Le monde du manga est majoritairement guidé par des héros flamboyants qui vont se donner corps et âme dans des batailles épiques. Il n’y a d’ailleurs qu’à voir les meilleures ventes ces dernières années pour remarquer la surreprésentation des protagonistes masculins qui, s’ils ne le sont pas d’entrée de jeu, deviennent particulièrement charismatiques et attirent tous les regards. Mais Jaadugar – La Légende de Fatima n’est pas de ces mangas. Ici, nous suivons donc Satira, une jeune fille discrète, effacée, que personne ne remarque réellement. Et c’est précisément pour cette raison qu’elle survit et qu’elle apprend.
Lorsqu’elle finit à la cour du Khan, le souverain mongol, celle qui s’appelle désormais Fatima réalise soudainement que les sabres des guerriers ne sont pas toujours les armes les plus dangereuses. Les mots, les alliances, les regards silencieux le sont en effet bien davantage. En s’appropiant la langue de ses maîtres, mais aussi leurs textes, leurs croyances et leurs stratégies, elle parvient à se libérer de sa condition d’esclave et à gagner un rôle politique. À sa manière, Fatima devient une érudite, une stratège et surtout une pièce centrale sur l’échiquier du pouvoir.

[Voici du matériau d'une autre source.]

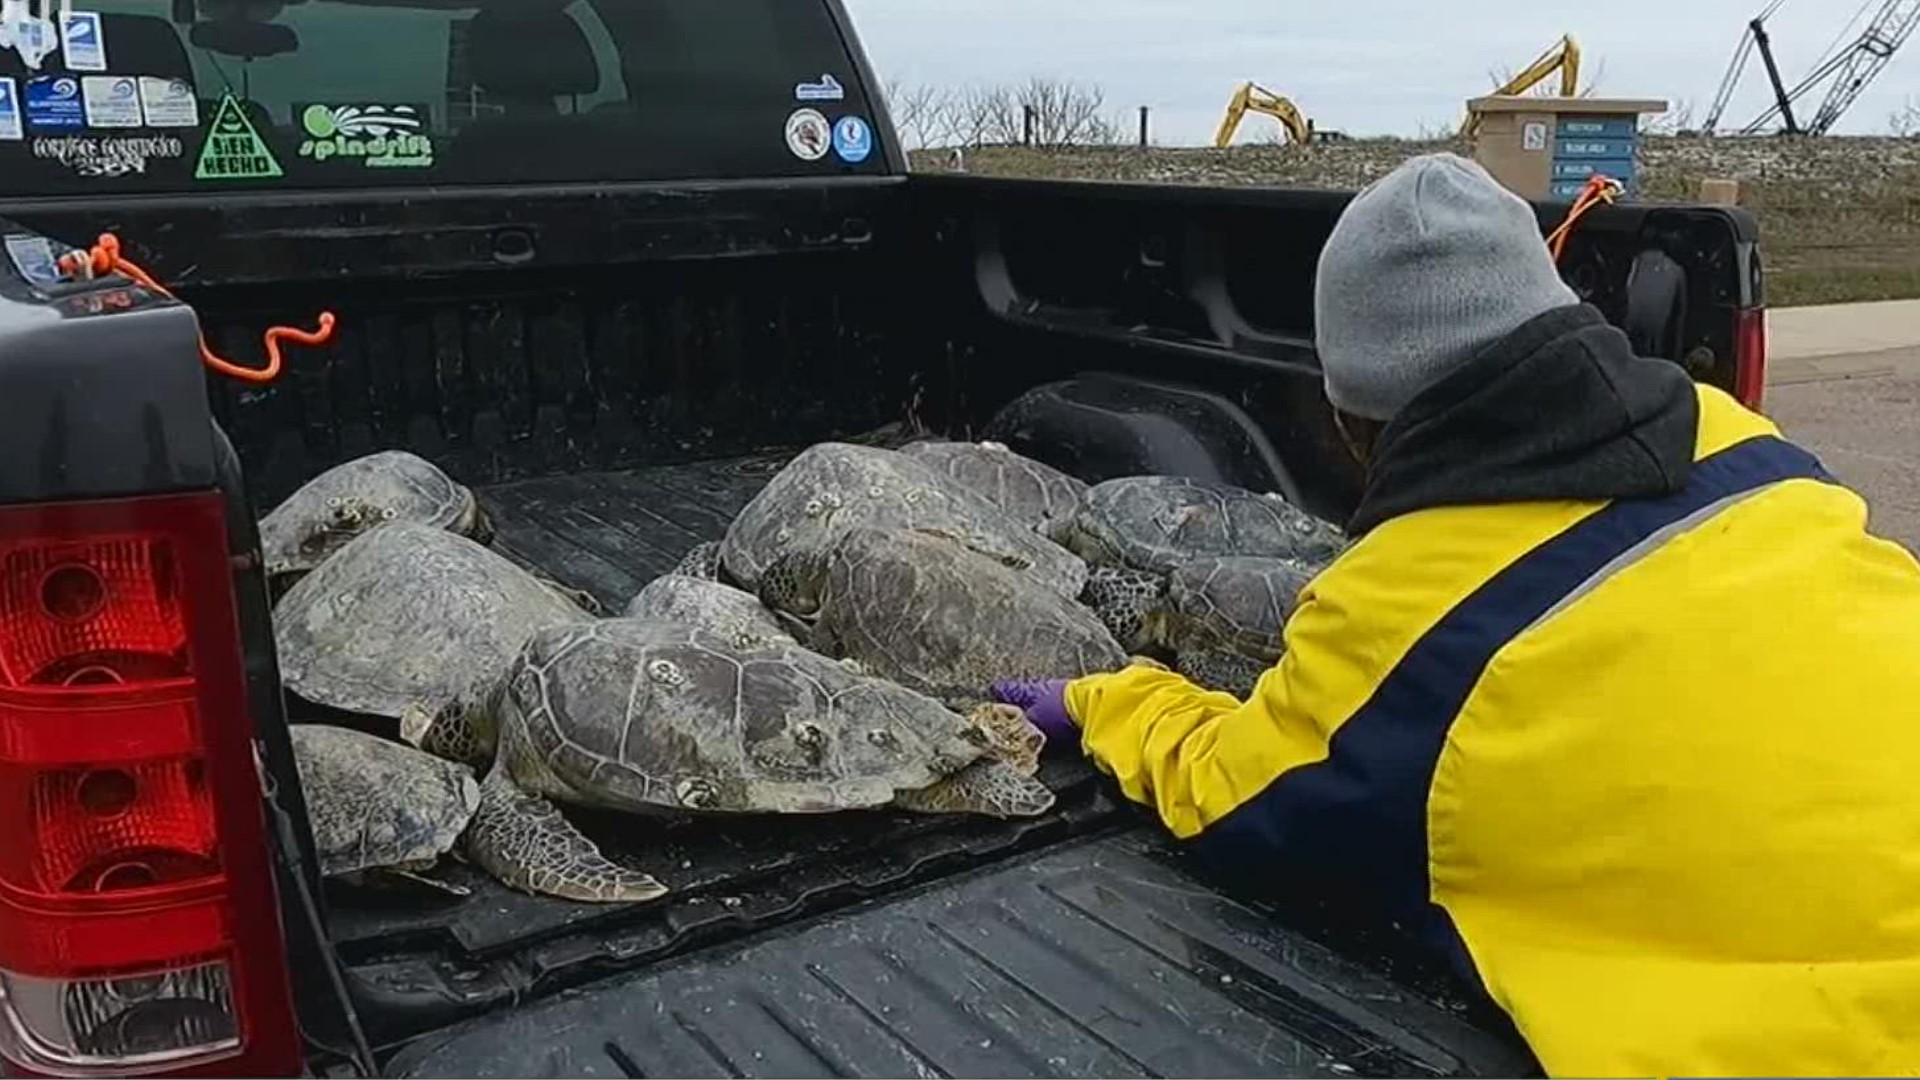 With another artic blast on its way, experts are preparing for another round of cold stunned sea turtles.
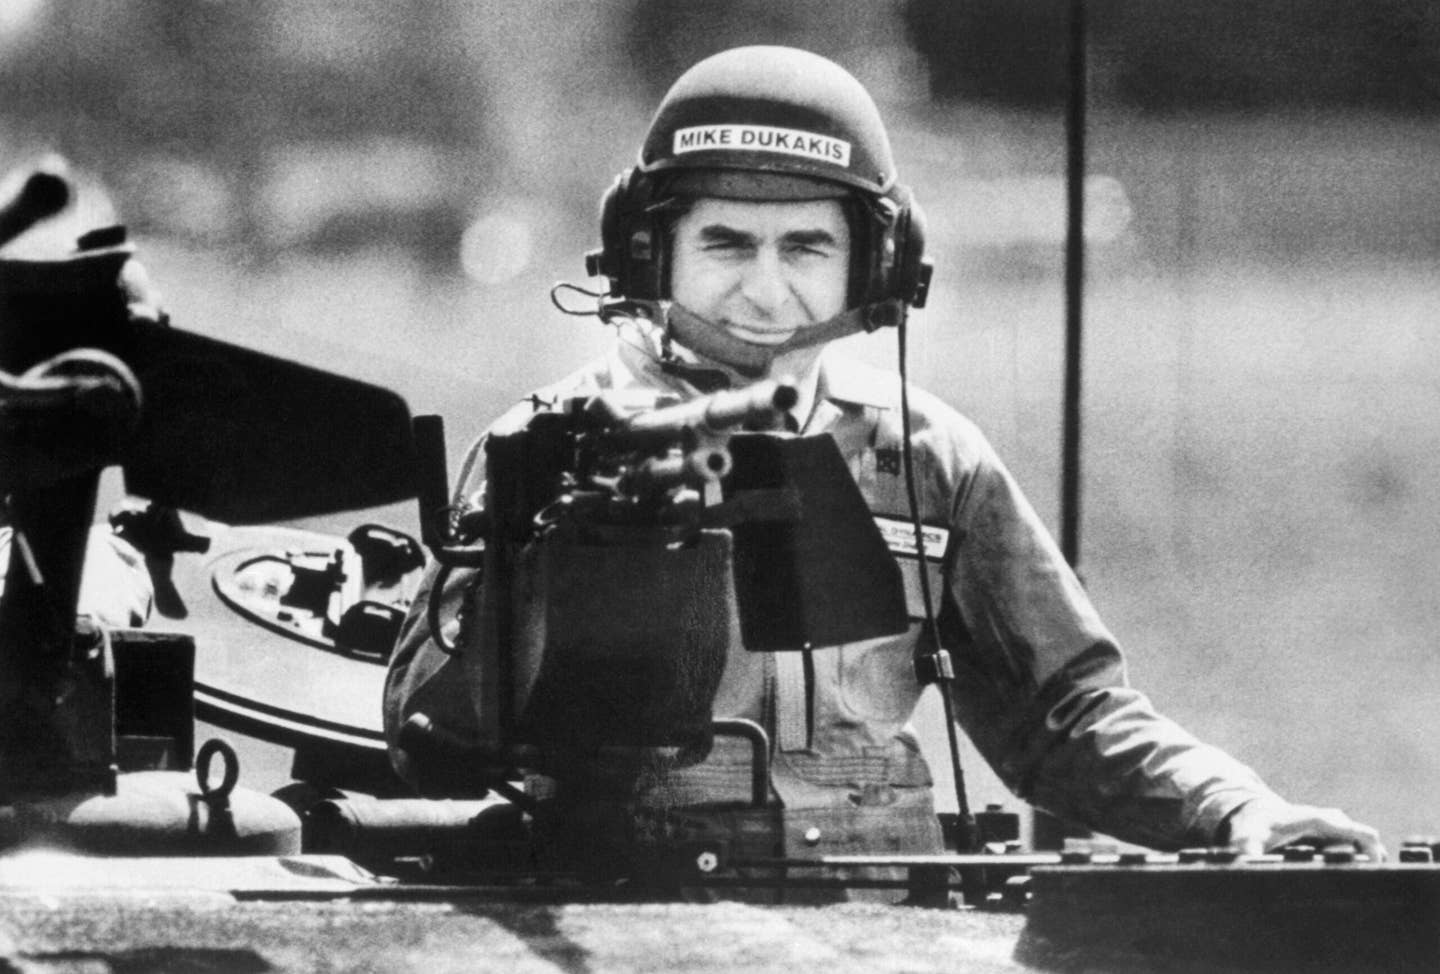 Then-presidential candidate, Mike Dukakis, wearing an army tanker's helmet, peers behind the loader's weapon of an MIAI Abrams Main Battle Tank during a demonstration ride in 1988. He <a href="https://www.270towin.com/1988_Election/">lost in a landslide</a> to George H. W. Bush, by a 426-111 Electoral College vote margin. (Getty Images photo).

Présenté comme ça, on pourrait penser que Jaadugar – La Légende de Fatima tombe, d’une certaine manière, dans le trope scénaristique de la vengeance. Pourtant, il n’en est rien. Et il ne s’agit pas non plus d’un destin héroïque flamboyant. Ici, on nous raconte l’ascension lente, risquée et fragile d’une femme. C’est en réalité un jeu d’équilibres, où la moindre erreur peut être fatale.
Jaadugar – La Légende de Fatima : une fresque historique sensible et audacieuse

Autre élément qui frappe lors de la lecture de Jaadugar : la densité de l’univers créé par Tomato Soup. La mangaka ne se contente pas de nous proposer un conte oriental aux couleurs chatoyantes. Elle nous offre une véritable fresque historique, rigoureusement documentée, dans laquelle les événements géopolitiques influencent directement les trajectoires individuelles des personnages.
Que ce soit au cinéma, dans les séries ou même dans la littérature, l’Empire mongol a très souvent, pour ne pas dire constamment, été fantasmé. Mais dans son manga, Tomato Soup semble avoir fait le choix de nous le dépeindre autrement et de le présenter dans toute sa complexité. Car oui, si l’Empire mongol a été si puissant, il a aussi été victime de divisions internes, d’intrigues de succession, de tensions religieuses, etc. La place des femmes dans le pouvoir ainsi que la science en tant qu’arme idéologique y sont même fortement abordées.
L’exemple le plus flagrant est très probablement celui du personnage de Töregene Khātūn, épouse du défunt grand Khan. Actrice majeure de l’Histoire réelle, Tomato Soup lui fait une place de choix dans son manga. Pour Fatima, elle devient à la fois la mentor, la menace et le miroir. Une complexité qui nous prouve que la mangaka ne considère pas ses personnages féminins comme des archétypes, mais bien comme des forces en mouvement, ambivalentes et surtout humaines.
Quand l’Histoire se murmure à travers les récits de femmes
Avec Jaadugar – La Légende de Fatima, Tomato Soup ne se contente pas de nous offrir un récit mettant en avant un pan de l’Histoire méconnu dans nos contrées. La mangaka nous tend un miroir : celui de toutes ces femmes dont les faits d’armes ont été oubliés, voire effacés, mais qui, malgré tout, ont contribué à bâtir des empires.
En faisant le choix de raconter l’ascension de Fatima, une femme discrète, érudite et profondément humaine, ce titre se permet de bousculer nos attentes et nos idées reçues sur les grandes steppes asiatiques. L’autrice a ainsi cherché à nous rappeler que le pouvoir n’est pas seulement militaire, il peut également se cacher dans les livres et dans l’observation et la découverte du monde qui nous entoure.